To begin let's recall the classical policy iteration. In this method, alternating complete steps of policy evaluation and policy improvement are completed:

\begin{equation*}
   \large \pi_0 \xrightarrow[]{E} v_{\pi_0} \xrightarrow[]{I} \pi_1 \xrightarrow[]{E} v_{\pi_1} \xrightarrow[]{I} \pi_2 \xrightarrow[]{E} ... \xrightarrow[]{I} \pi_* \xrightarrow[]{E} v_*
\end{equation*}

In the Monte Carlo version of classical policy iteration policy evaluation is done exactly like in the preceding section. Many episodes are experienced,  with the approximate action-value function approaching the true function asymptotically. We assume that we observe an infinite number of episodes with exploring starts. Under these assumptions, the Monte Carlo methods will compute each $q_{\pi_k}$ exactly, for arbitrary $\pi_k$. 

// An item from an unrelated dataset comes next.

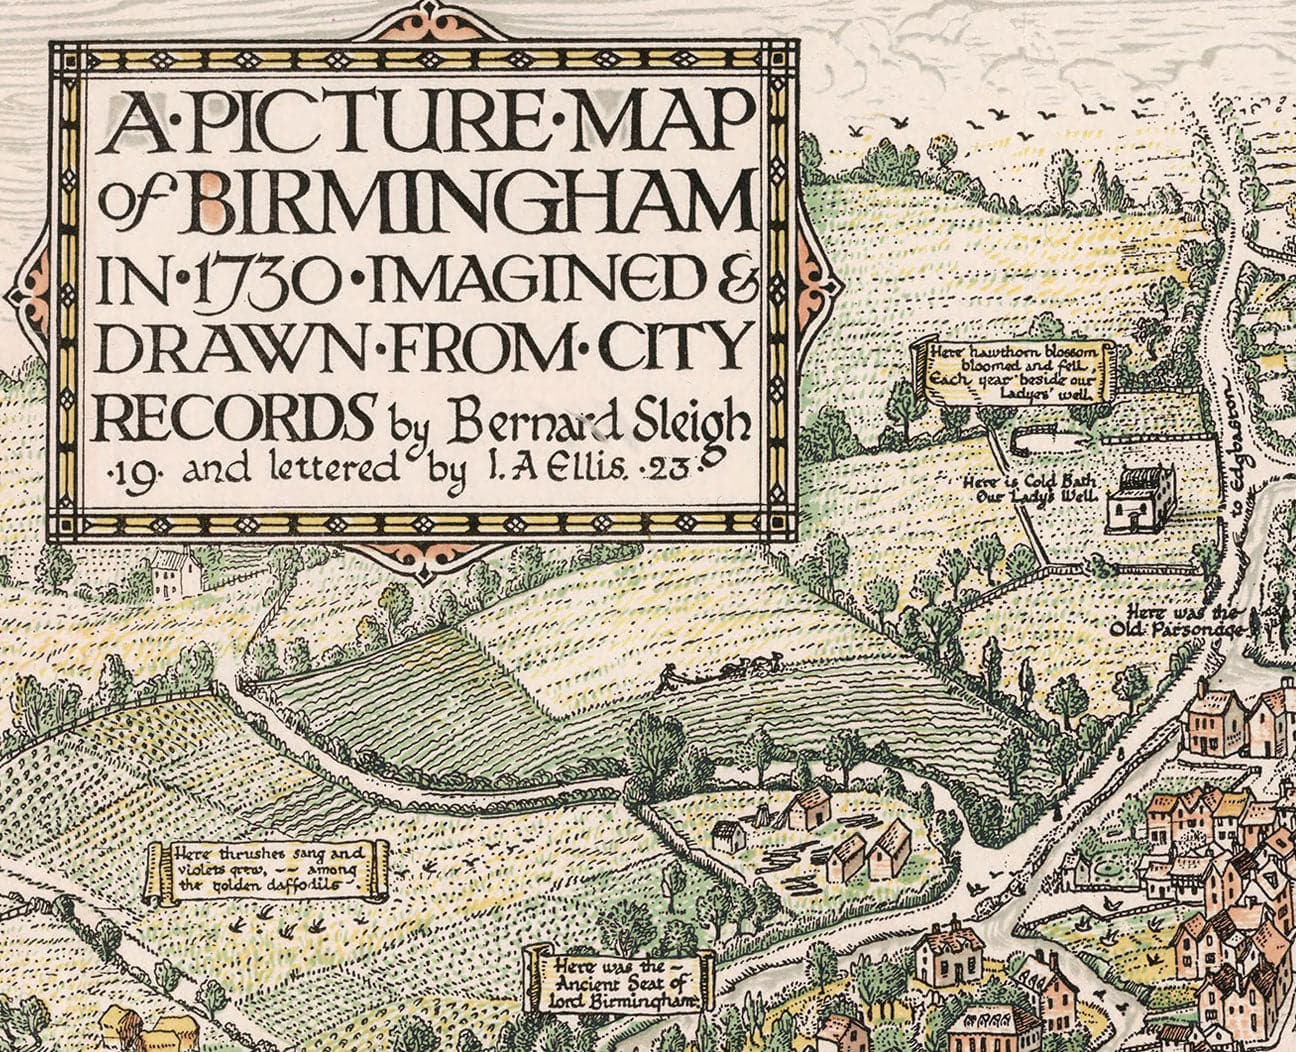 Masque / guêtre de Birmingham avec carte vintage de Birmingham en 1730

Policy improvement is done by making the policy greedy with respect to the current value function. No model is needed, since we have an action-value function. For each $s \in \mathcal{S}$ we deterministically choose an action with maximal action-value:
\begin{equation}
    \pi(s) \doteq \underset{a}{\operatorname{arg max}} q(s,a)
\end{equation}

Two unlikely assumptions have been made in order to obtain the convergence guarantee. First one, episodes have exploring starts and second, policy evaluation can be done with an infinite number of episodes.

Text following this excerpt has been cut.